Amantadine Other names: 1-aminoadamantane Amantadine Amantadine hydrochloride

Chemical formula: C₁₀H₁₇N  Molecular mass: 151.249 g/mol  PubChem compound: 2130

Pharmacodynamic properties

Influenza

Amantadine specifically inhibits the replication of influenza A viruses at low concentrations.

If using a sensitive plaque-reduction assay, human influenza viruses, including H1N1, H2N2 and H3N2 subtypes, are inhibited by ≤0.4µg/ml of amantadine. Amantadine inhibits an early stage in viral replication by blocking the proton pump of the M2 protein in the virus.

This has two actions; it stops the virus uncoating and inactivates newly synthesised viral hemagglutinin. Effects on late replicative steps have been found for representative avian influenza viruses. Data from tests with representative strains of influenza A virus indicate that amantadine is likely to be active against previously unknown strains, and could be used in the early stages of an epidemic, before a vaccine against the causative strain is widely available.

Herpes Zoster

The mechanism of action of amantadine in herpes zoster has not been fully characterised.

Parkinson’s disease

Amantadine has been shown to be a low affinity antagonist at the N-methyl-D-aspartate (NDMA) subtype of glutamate receptors. Over activity of glutamatergic neurotransmission has been implicated in the generation of parkinsonian symptoms. The clinical efficacy of amantadine is thought to be mediated through its antagonism at the NDMA subtype of glutamate receptors. In addition, amantadine may also exert some anticholinergic activity.

Pharmacokinetic properties

Absorption

Amantadine is absorbed slowly but almost completely.

Peak plasma concentrations of approximately 250 ng/ml and 500 ng/ml are seen 3 to 4 hours after single oral administration of 100 mg and 200 mg amantadine, respectively. Following repeated administration of 200 mg daily, the steady state plasma concentration settles at 300 ng/ml within 3 days.

Distribution

Amantadine accumulates after several hours in nasal secretions and crosses the blood-brain barrier (this has not been quantified).

In vitro, 67% is bound to plasma proteins, with a substantial amount bound to red blood cells. The concentration in erythrocytes in normal healthy volunteers is 2.66 times the plasma concentration. The apparent volume of distribution is 5 to 10 L/kg, suggesting extensive tissue binding. This declines with increasing doses. The concentrations in the lung, heart, kidney, liver and spleen are higher than in the blood.

Biotransformation

Amantadine is metabolised to a minor extent, principally by Nacetylation.

Elimination

The drug is eliminated in healthy young adults with a mean plasma elimination half-life of 15 hours (10 to 31 hours).

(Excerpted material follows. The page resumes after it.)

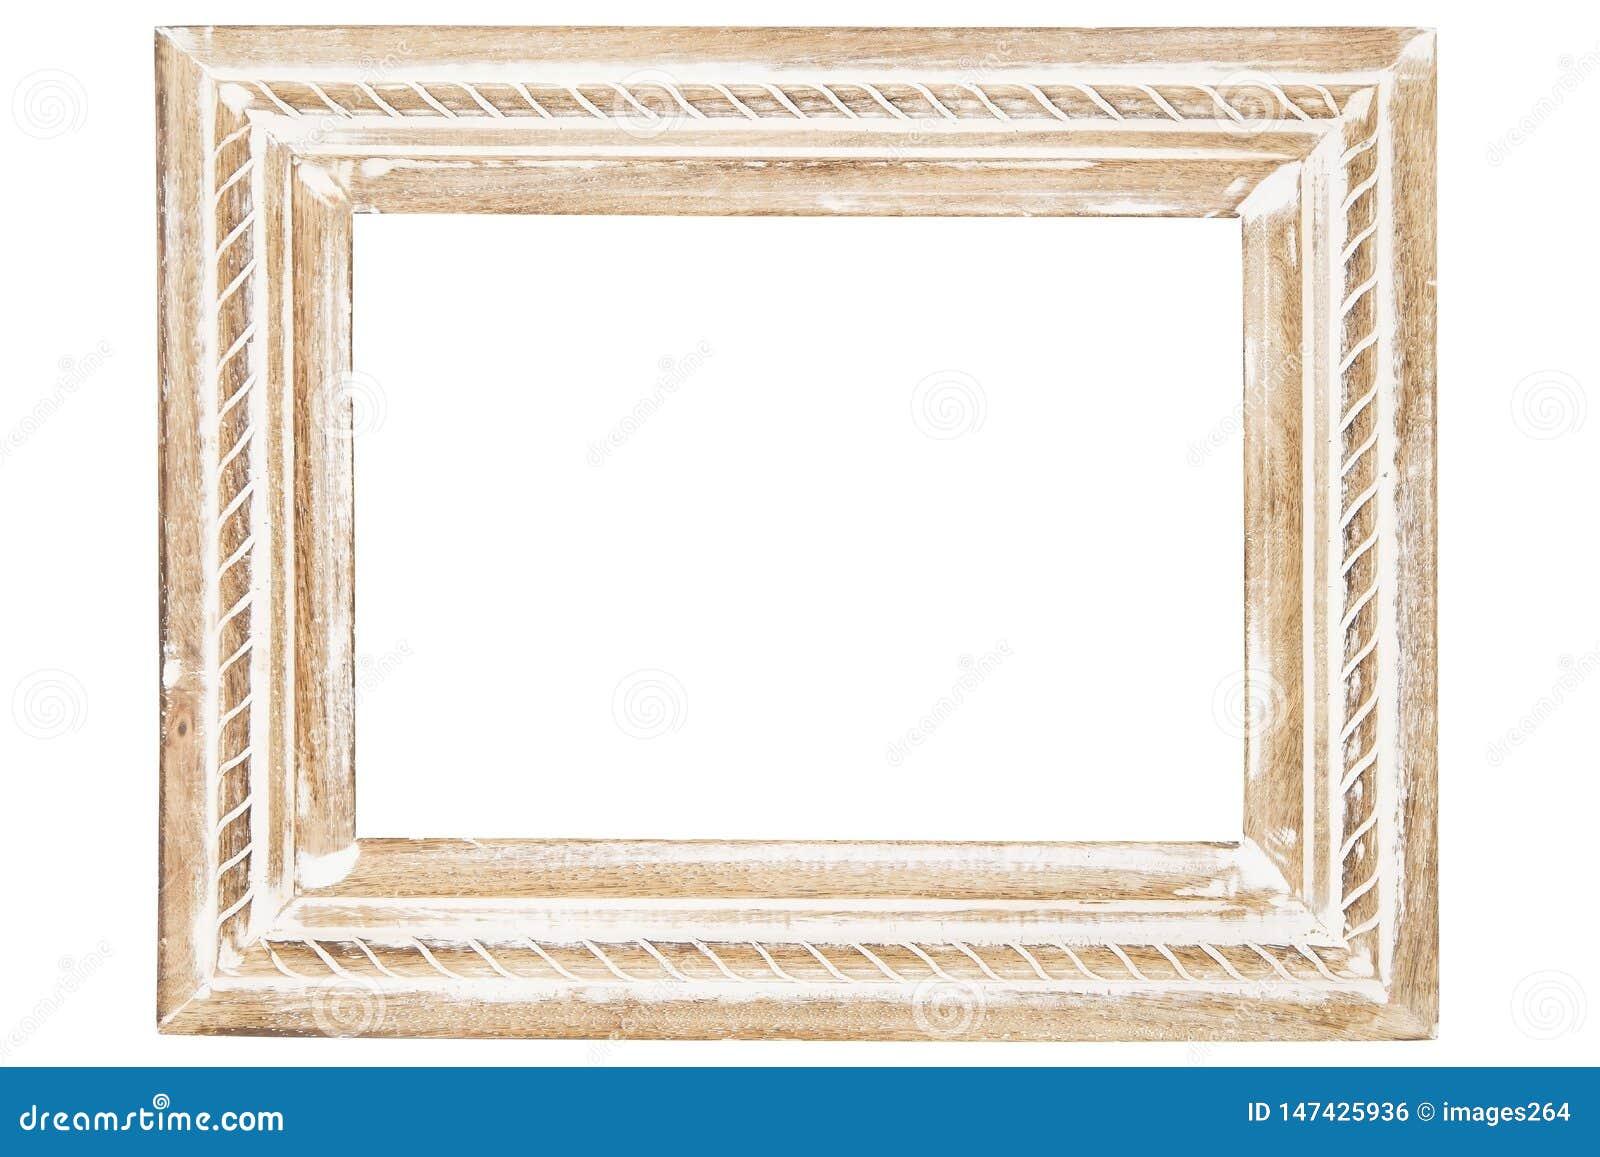 装饰木制框架

The total plasma clearance is about the same as renal clearance (250ml/min). The renal amantadine clearance is much higher than the creatinine clearance, suggesting renal tubular secretion. After 4 to 5 days, 90% of the dose appears unchanged in urine. The rate is considerably influenced by urinary pH: a rise in pH brings about a fall in excretion.

Characteristics in special patient populations

Elderly patients

Compared with healthy young adults, the half-life may be doubled and renal clearance diminished. Tubular secretion diminishes more than glomerular filtration in the elderly. In elderly patients with renal impairment, repeated administration of 100 mg daily for 14 days raised the plasma concentration into the toxic range.

Renal impairment

Amantadine may accumulate in renal failure, causing severe side effects. The rate of elimination from plasma correlates to creatinine clearance divided by body surface area, although total renal elimination exceeds this value (possibly due to tubular secretion). The effects of reduced kidney function are dramatic: a reduction of creatinine clearance to 40ml/min may result in a five-fold increase in elimination half-life. The urine is the almost exclusive route of excretion, even with renal failure, and amantadine may persist in the plasma for several days.

Haemodialysis does not remove significant amounts of amantadine, possibly due to extensive tissue binding.

Preclinical safety data

Reproductive toxicity studies were performed in rats and rabbits.

In rat, oral doses of 50 and 100 mg/kg proved to be teratogenic. This is 33-fold the recommended dose of 100 mg for influenza. The maximum recommended dose, of 400 mg in Parkinson’s disease, is less than 6 mg/kg. There are no other pre-clinical data of relevance to the prescriber which are additional to those already included in other sections of the summary.